DESCRIPTION OF THE TASK:
Here are the records. Write out exactly the lines between the one holding "Youtube Fanfest Korea" and the one holding "Askeri container, Army", inclusive.

DATA FOR THIS TASK Start Marker

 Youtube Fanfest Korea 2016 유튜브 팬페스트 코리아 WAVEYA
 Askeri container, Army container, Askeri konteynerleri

DATA FOR THIS TASK End Marker
DATA FOR THIS TASK Start Marker

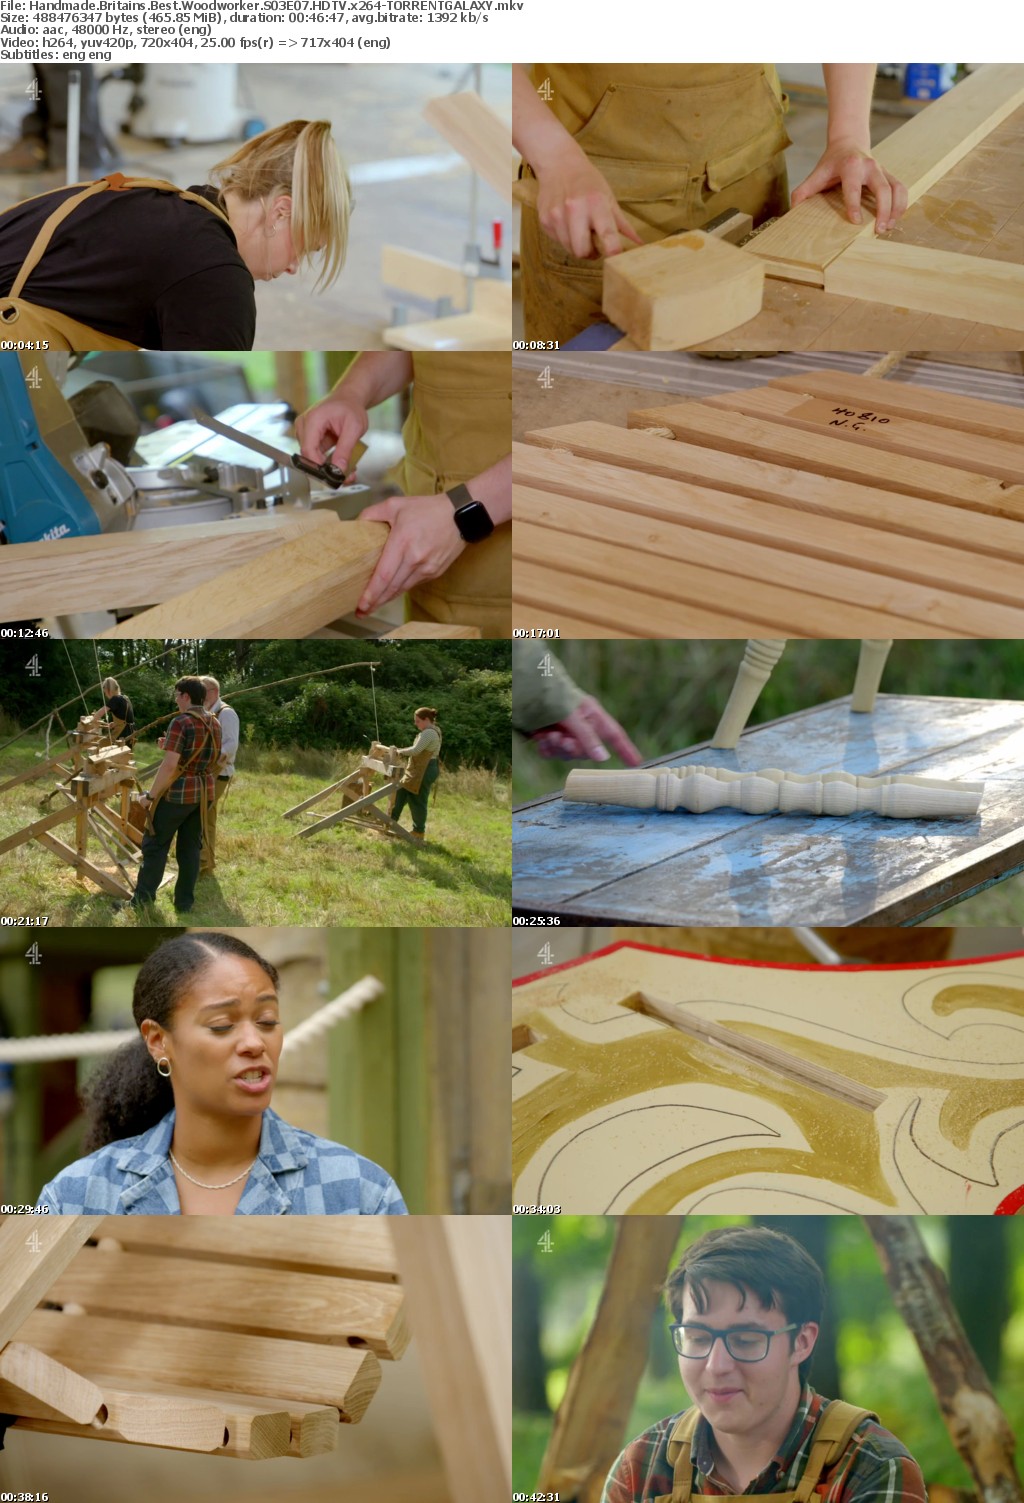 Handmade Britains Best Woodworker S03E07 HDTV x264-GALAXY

DATA FOR THIS TASK End Marker

ANSWER TO THE EXERCISE:
 Youtube Fanfest Korea 2016 유튜브 팬페스트 코리아 WAVEYA
 Askeri container, Army container, Askeri konteynerleri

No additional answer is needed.